The challenge, as Edson framed it, was not to educate. We do not, he reminded us all, act because we have a lack of information available to us. People continue to smoke well after they know the adverse effects of smoking. The challenge of UN Live is to encourage people to engage with the goals of the UN and to embody them in their own lives and their own communities. UN Live seeks to build within people the habits of community engagement and democracy. Their role is to be the United Nations “at eye level” with the citizens of the world, and to help people understand and act on these goals in the language of everyday life.
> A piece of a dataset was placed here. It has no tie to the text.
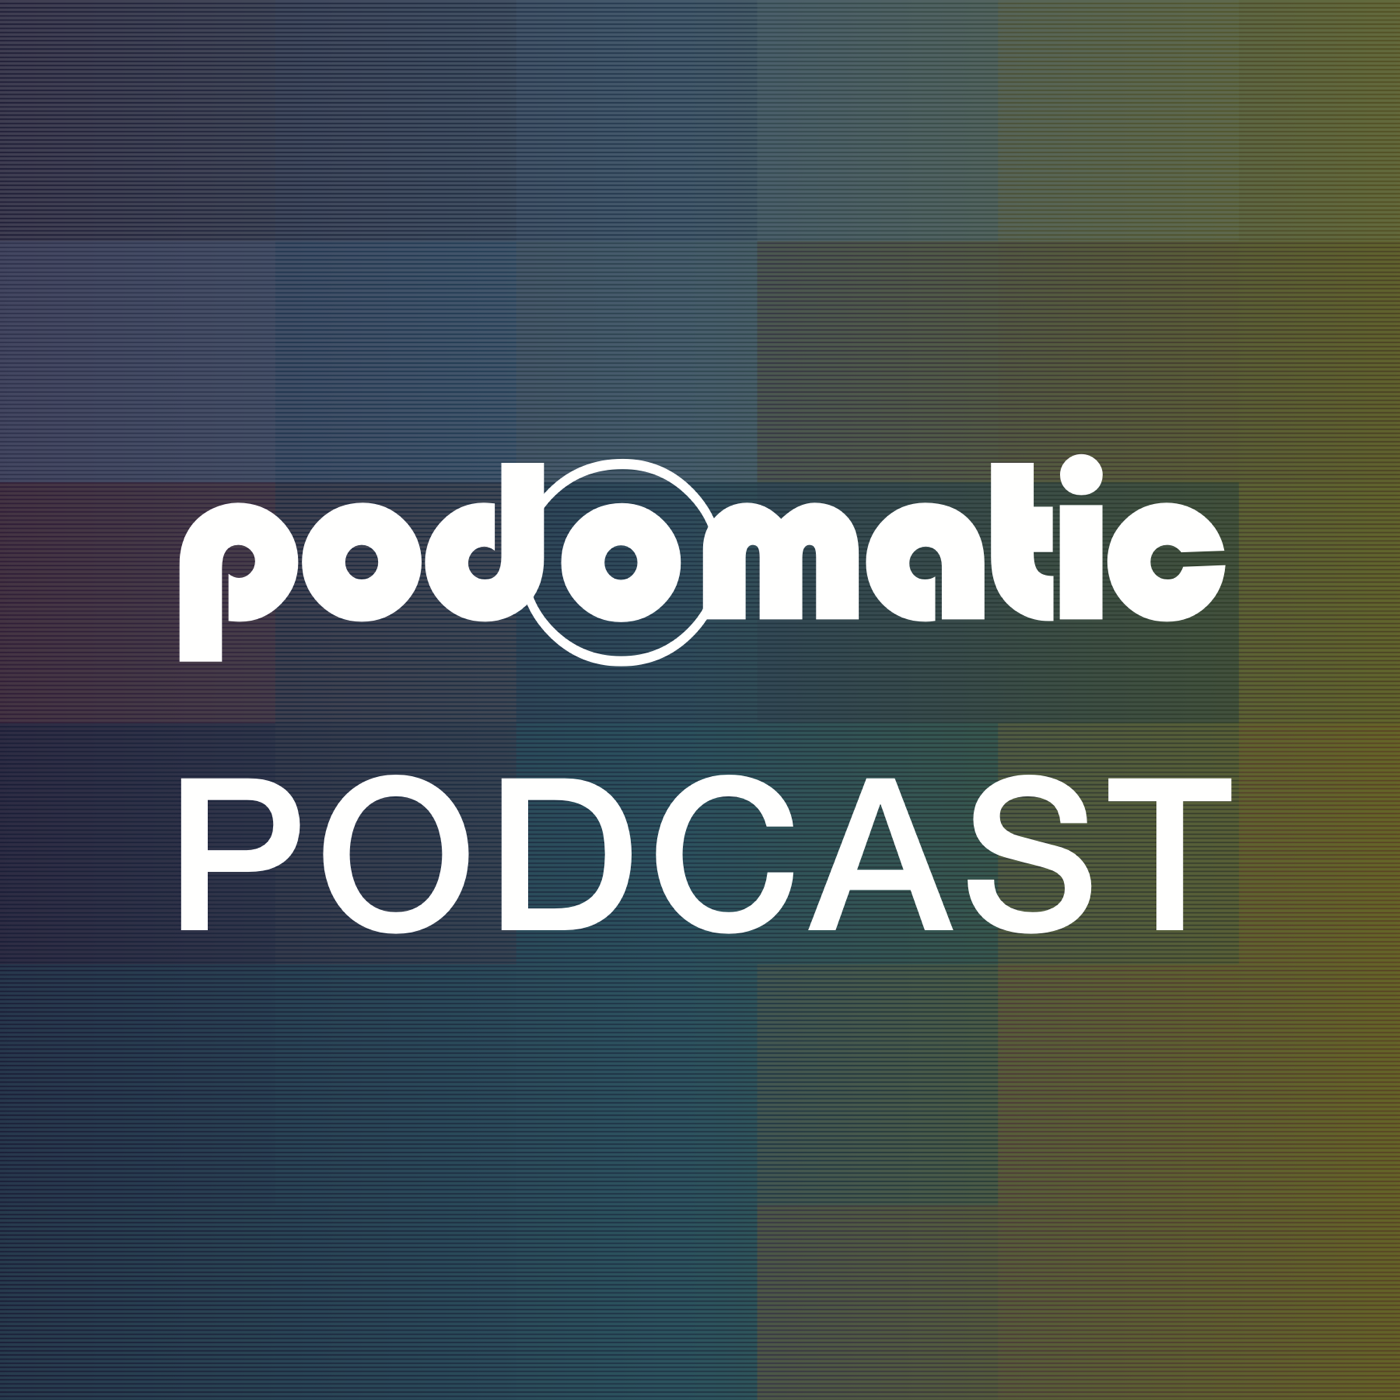 asad's Podcast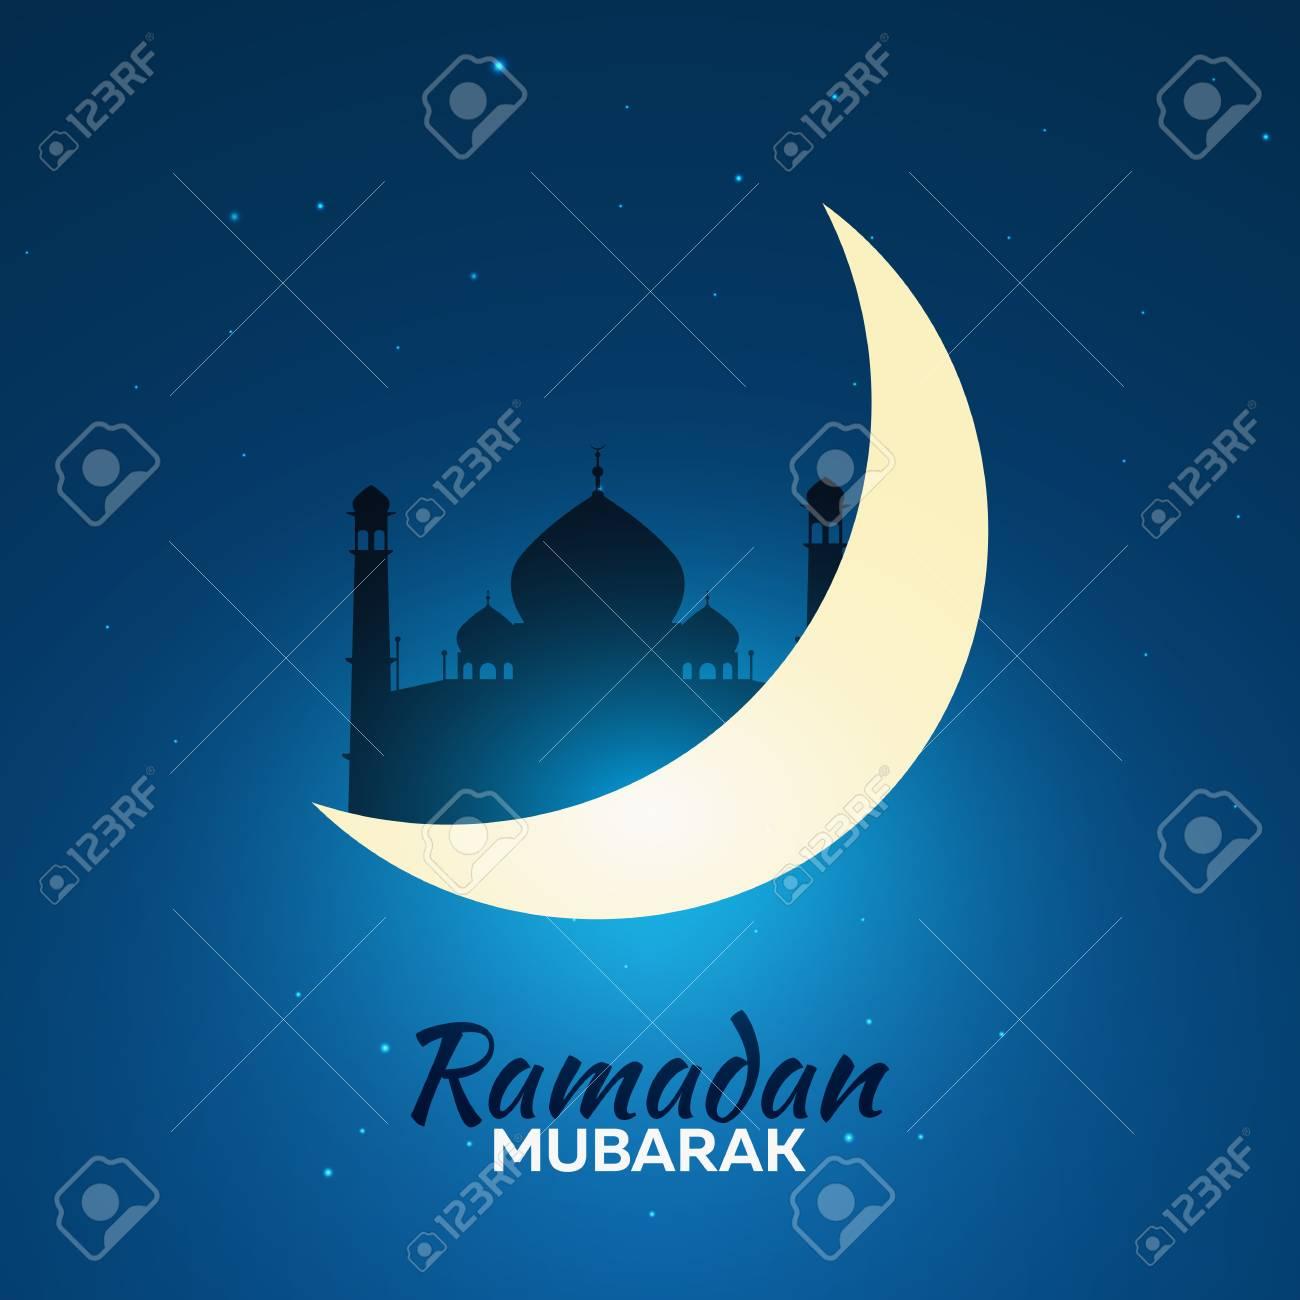 Ramadan kareem ramadan mubarak greeting card arabian night ramadan kareem ramadan mubarak greeting card arabian night with crescent moon stock vector m4hsunfo Choice Image

The ways one can encounter UN Live, which Edson promises are getting equal love and attention, are the physical location in Copenhagen, its network with other public institutions all over the world, and a digital museum. Edson’s former role, as director of Web and New Media Strategy at the Smithsonian, will doubtless help him in this pursuit. Each of these, of course, will maintain as part of its mission and in every step of the design, a bridge between information and action. Part of the mission is not to ensure that every person who interacts with UN live leaves to solve a world problem, but to find, elevate, and assist the changemakers that already exist in every community. UN Live seeks to change the encounter rate of those brilliant, inspiring people we all know, from one in a million to two or three in a million, and to help those change makers, creatives, leaders to effect change more efficiently. Edson bounced back and forth from grand sweeping statements about the way the world should be, to specific steps UN Live was taking to help that change happen with such rapidity it at times gave me goosebumps.

Michael Edson, at the Aga Khan Museum. Source.
I will leave you with this, although this is not how Edson closed the talk. He said that neither the UN or the concept of the museum was a concept that always elicits cheers from your audience. But, no matter how they resent one or both concepts, when you call on behalf of the UN Museum, people always return your calls. It’s a weighty responsibility, and that we as future museum professionals ourselves should be conscious of. Very few of us will ever work for an institution with as much cultural gravity as the UN, but institutions have power. Institutions have reputations and weight and gravity, and whether or not they are liked, they are respected and listened to. We would all do well to remember that this is not an abstract concept. Why shouldn't a museum, for instance, partner with Elections Canada and help people register to vote? Why shouldn't a museum not only have and use green energy but also host events where visitors can learn to plant their own green roofs. It all felt possible, while Edson spoke. He speaks with the kind of passion that can move mountains, and perhaps more impressively, people.

The overwhelming feeling I had leaving The Evolving Role of Museums lecture was one of hope. Hope as a motivator, a driver, as a source of strength. I could practically feel it beating against my chest as I left. As a program host, could you imagine a better way for your attendees to leave?